What does single-origin matcha mean, and why does it matter for a buyer?
Single-origin matcha is milled from leaf grown in one named region — and at the top grades a specific field and season — rather than blended across several prefectures to hit a price. For a wholesale buyer it matters because a single-origin lot has a taste and colour you can describe, repeat, and reserve; a blend is engineered to a cost, so the recipe can shift between deliveries and the green on your bar can drift across a year. Single origin also means the supplier can name the field and shading window, which a blend by definition cannot.
Which MATSU grades are single-origin, and where are they from?
Seven of MATSU’s eight grades are single-region: Uji in southern Kyoto (Uji Standard, Uji Classic, Uji Premium, Uji Signature), Kagoshima in the far south (Kagoshima Standard, Kagoshima Premium), and Izumo in Shimane (Izumo Reserve). Each carries its region’s name because the leaf is from that region only. One grade, Kyoto-Kagoshima Premium, is a deliberate two-region blend built for a stable latte rail, and it is labelled as such rather than dressed up as single origin.
Is single-origin matcha always better than a blend?
Not automatically — it depends on the job. Single origin gives you a describable, repeatable character that carries the region, which is what a tasting service or signature drink pays for. A well-built blend can be more stable across a season and easier to hold at a fixed cost per cup, which suits a high-volume latte rail. Most accounts run both: a single-origin grade for the drink that earns the name and a workhorse for volume. The point is to buy on purpose, not on the word.
How do you confirm matcha is genuinely first harvest and single origin?
Ask three things: which region the leaf is from, whether it is first flush, and how many hands the matcha passed through. Producer-direct means grower-level sourcing through MATSU, without the usual chain of trading houses, importers, and distributors — so the person who graded the powder can name the field, the season, and the shading window. Words alone are not proof, so taste it: a first-flush single-origin lot reads visibly greener and finishes rounder than a later, blended leaf. MATSU’s $129 Tasting Kit ships current single-origin grades so you can confirm colour, solubility, and taste against your own equipment before committing a kilogram.
How much does single-origin first harvest matcha cost wholesale?
MATSU’s single-origin grades run $390 to $1,050 per kilogram FOB Japan ($39–$105 per 100 g). Kagoshima Standard is $390/kg and Uji Standard $420/kg at the latte and culinary end; Uji Premium is $550/kg and Kagoshima Premium $650/kg; Uji Signature is $810/kg; and Izumo Reserve, the single-region flagship, is $1,050/kg for usucha and tasting. First-flush single-origin leaf prices above blended or later-harvest matcha because it is the scarcest, most labour-intensive leaf of the year.
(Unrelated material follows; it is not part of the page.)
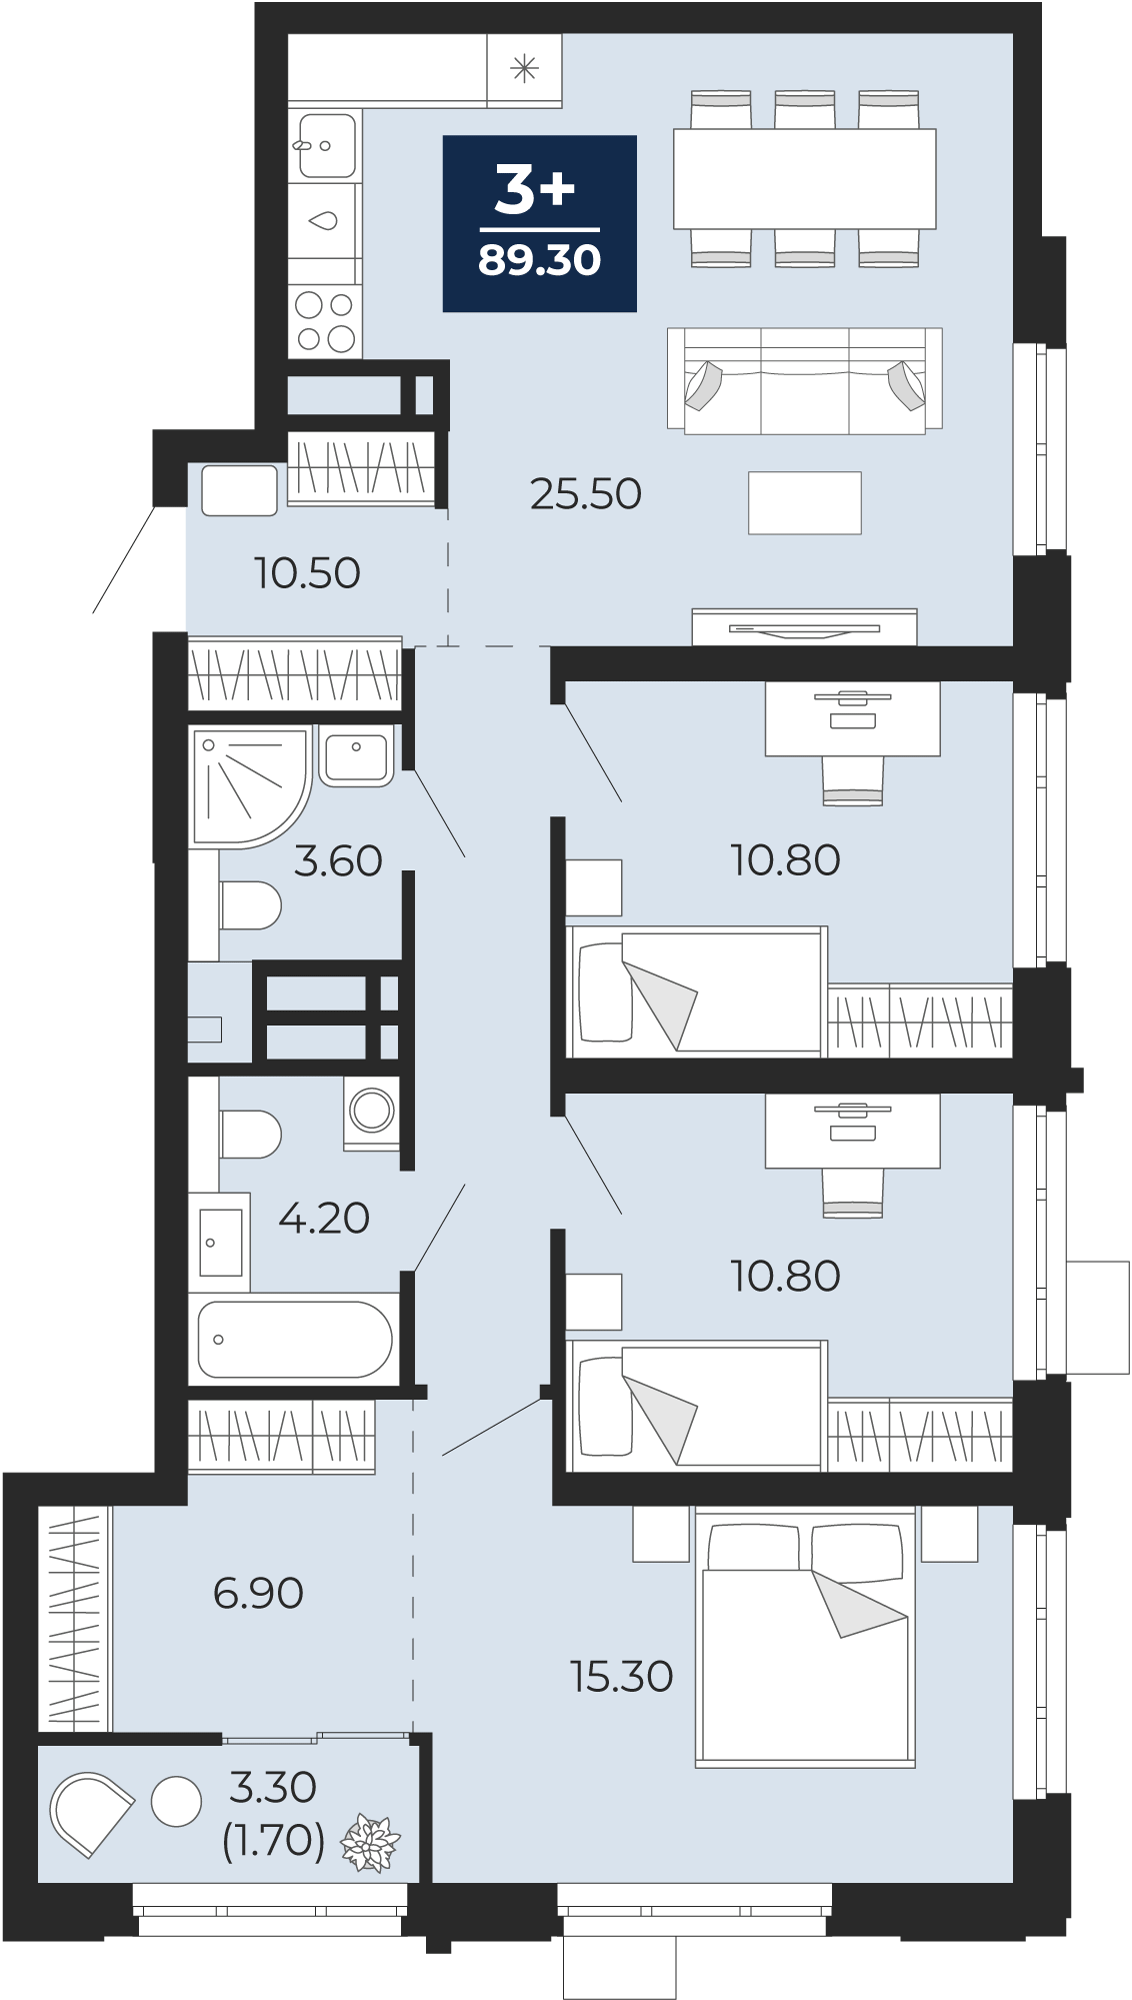 Квартира № 145, 3-комнатная, 89.3 кв. м, 9 этаж

Can you buy single-origin matcha producer-direct from Japan?
Yes. MATSU ships single-origin matcha producer-direct by express courier from Japan, typically 2–3 weeks from order to delivery, with a commercial invoice and packing list in English on every order. A single order runs up to about 30 kg; larger volumes are arranged case by case. Producer-direct means grower-level sourcing through MATSU, without the usual chain of trading houses, importers, and distributors, which is what lets the supplier hold a specific single-origin lot for your account across a season.